Q COMP
Another failure, as personally witnessed
Q Comp, as assessed by the University of Minnesota and St. Catherine's, has been ineffective with students despite a legislative tab approaching half a billion dollars ("Pay plan gets poor report card," Nov. 16).
Earlier assessments and teacher feedback had already indicated that the now 10-year-old project would flop.
As a conscripted Q Comp soldier, I witnessed teachers performing amazing tasks to advance students. Yet Q Comp never rewarded those teachers as promised (the study showed it never had the tools to objectively measure individual, or even collective teacher performance). Thus, no teachers received compensation for specific, outstanding work. In fact, Q Comp did the reverse: It rewarded all teachers for participation and compliance, regardless of individual achievement.

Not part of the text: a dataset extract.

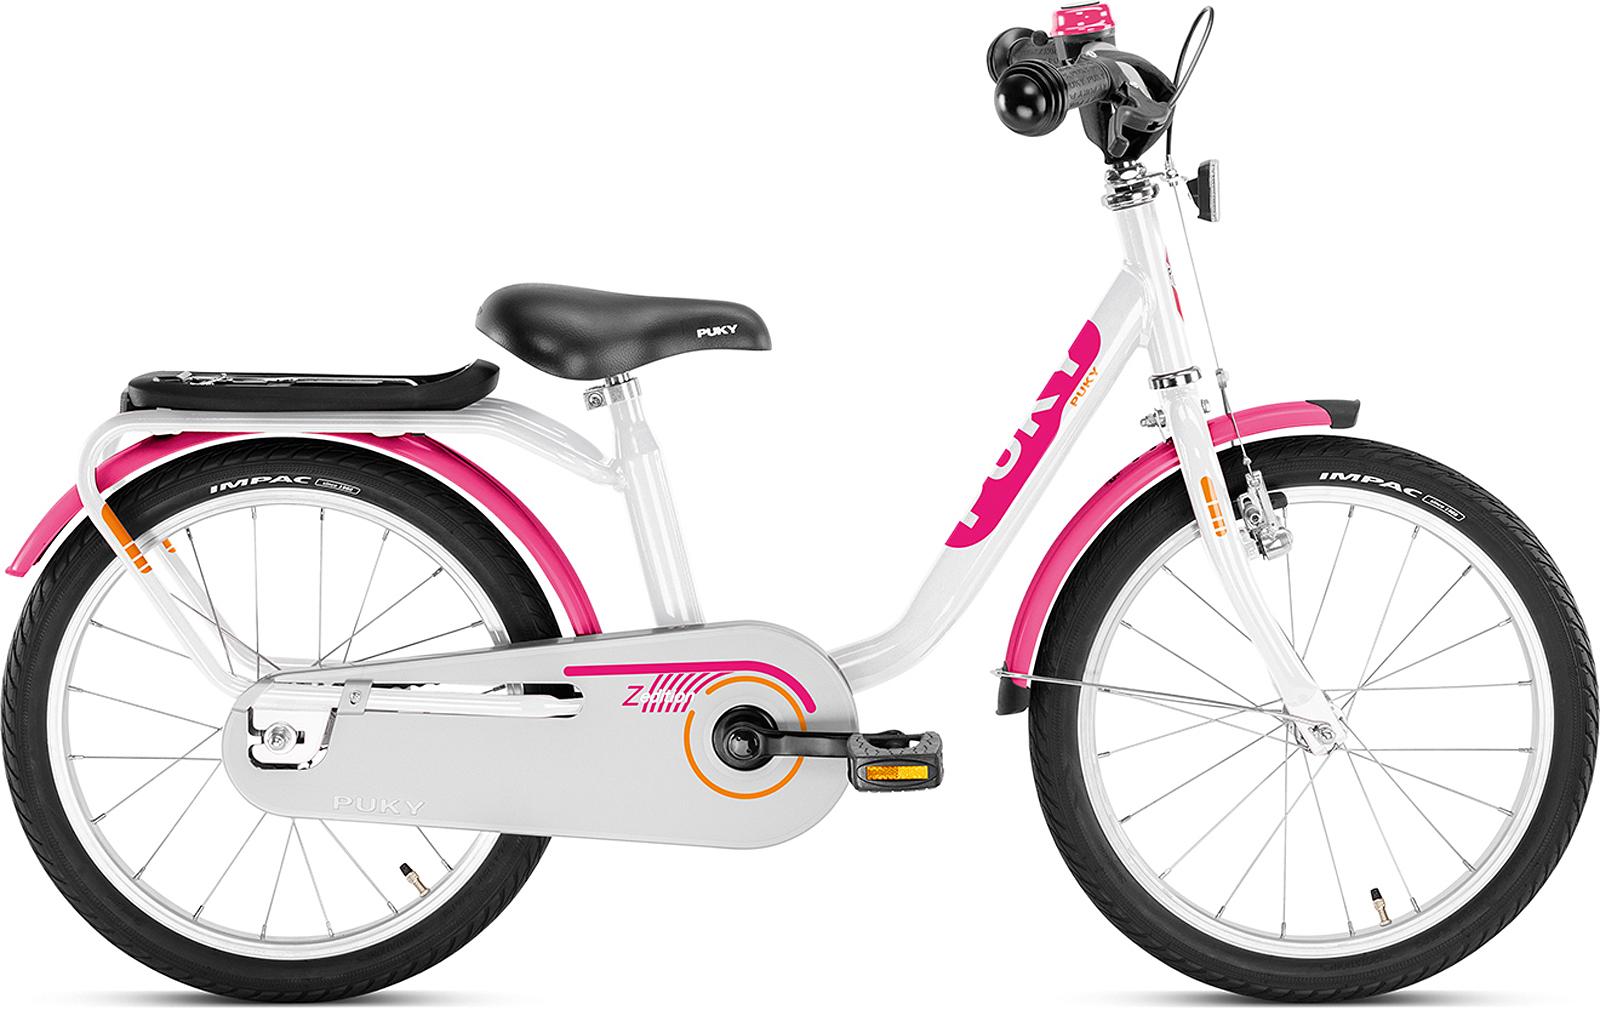 puky z 8 edition kinder fahrrad wei pink von top marken. Black Bedroom Furniture Sets. Home Design Ideas

Should legislators wait for future report cards on the program before defunding it (a 15- or 20-year progress report)? Certainly not, yet taxpayers should know that this latest education failure is likely another "untouchable" and "unmentionable" in the House and Senate, a public accounting only adding to the lengthy legislative legacy of mismanagement in education funding (e.g., Profile of Learning).

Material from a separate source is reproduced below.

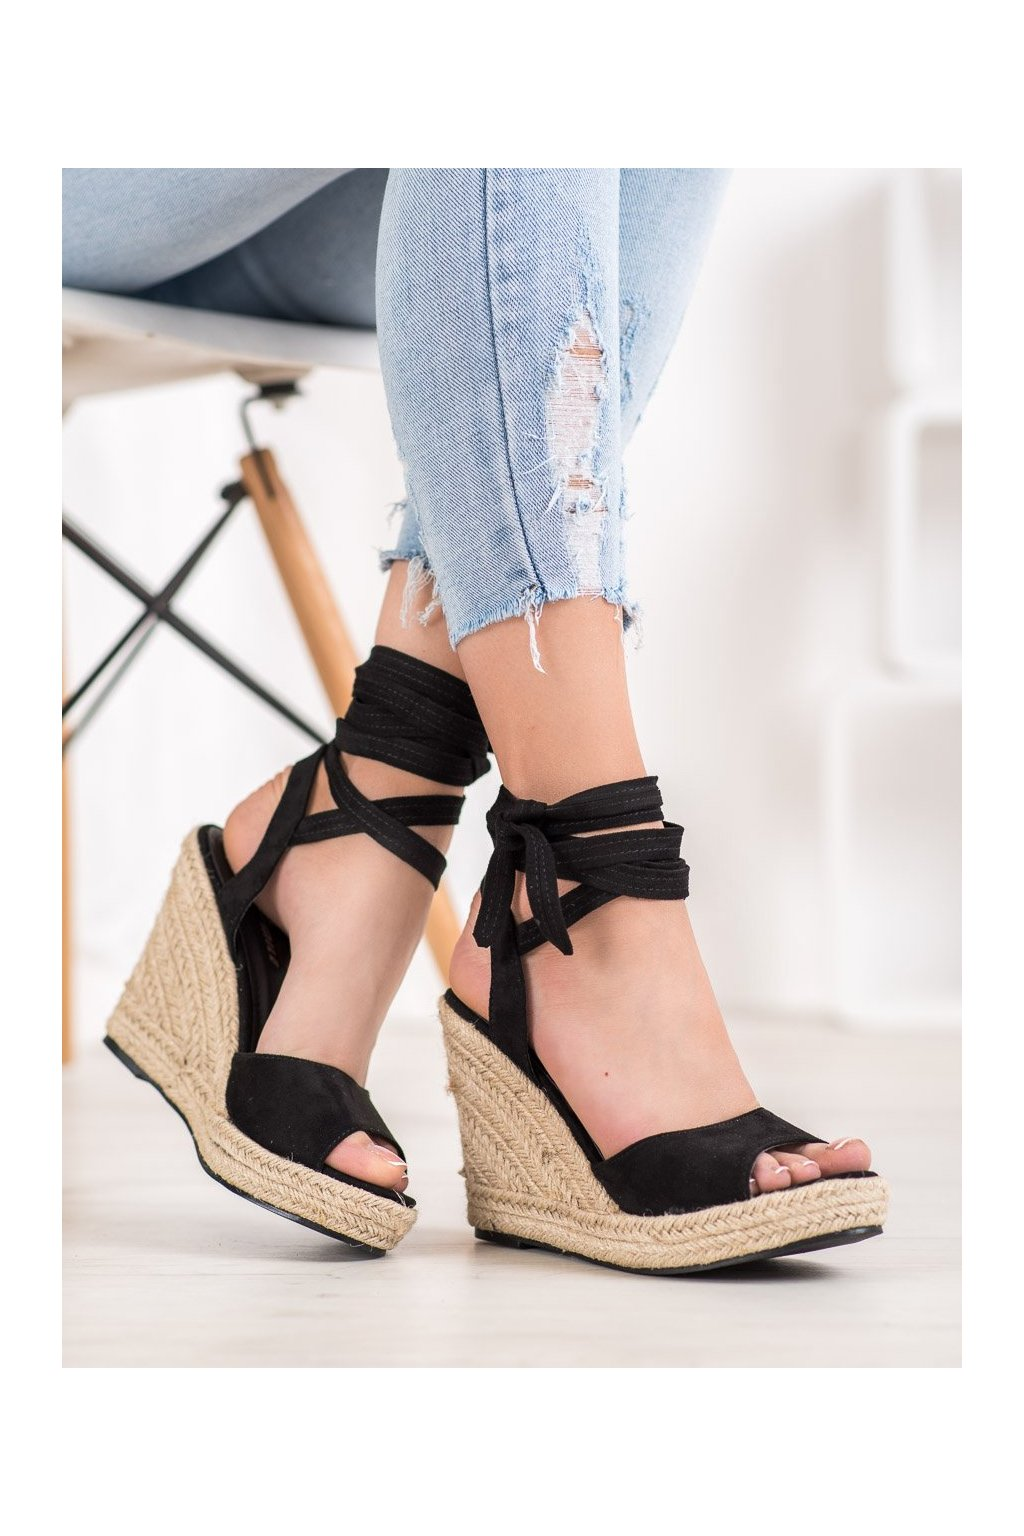 Čierne sandále Yes mile kod YES-3123B

Without demand for a serious review of Q Comp's fatal flaws, taxpayers should prepare to celebrate the next great (and expensive) innovation in education reform.
STEVE WATSON, Minneapolis
THE PEOPLE'S WORK
Rewards and perks too readily given
If the Minnesota State Colleges and Universities system now needs a plan to "improve dramatically how we do our work" (Star Tribune, Nov. 21), why did the trustees award the former chancellor a $40,000 bonus in addition to his $360,000 salary (Star Tribune, June 17, 2010) in his final year?
If the University of Minnesota now needs a new "strategic plan" (Star Tribune, Nov. 9), why did former senior administrators receive $2.8 million in compensation (Star Tribune, Feb. 27, 2012) as they were leaving their positions?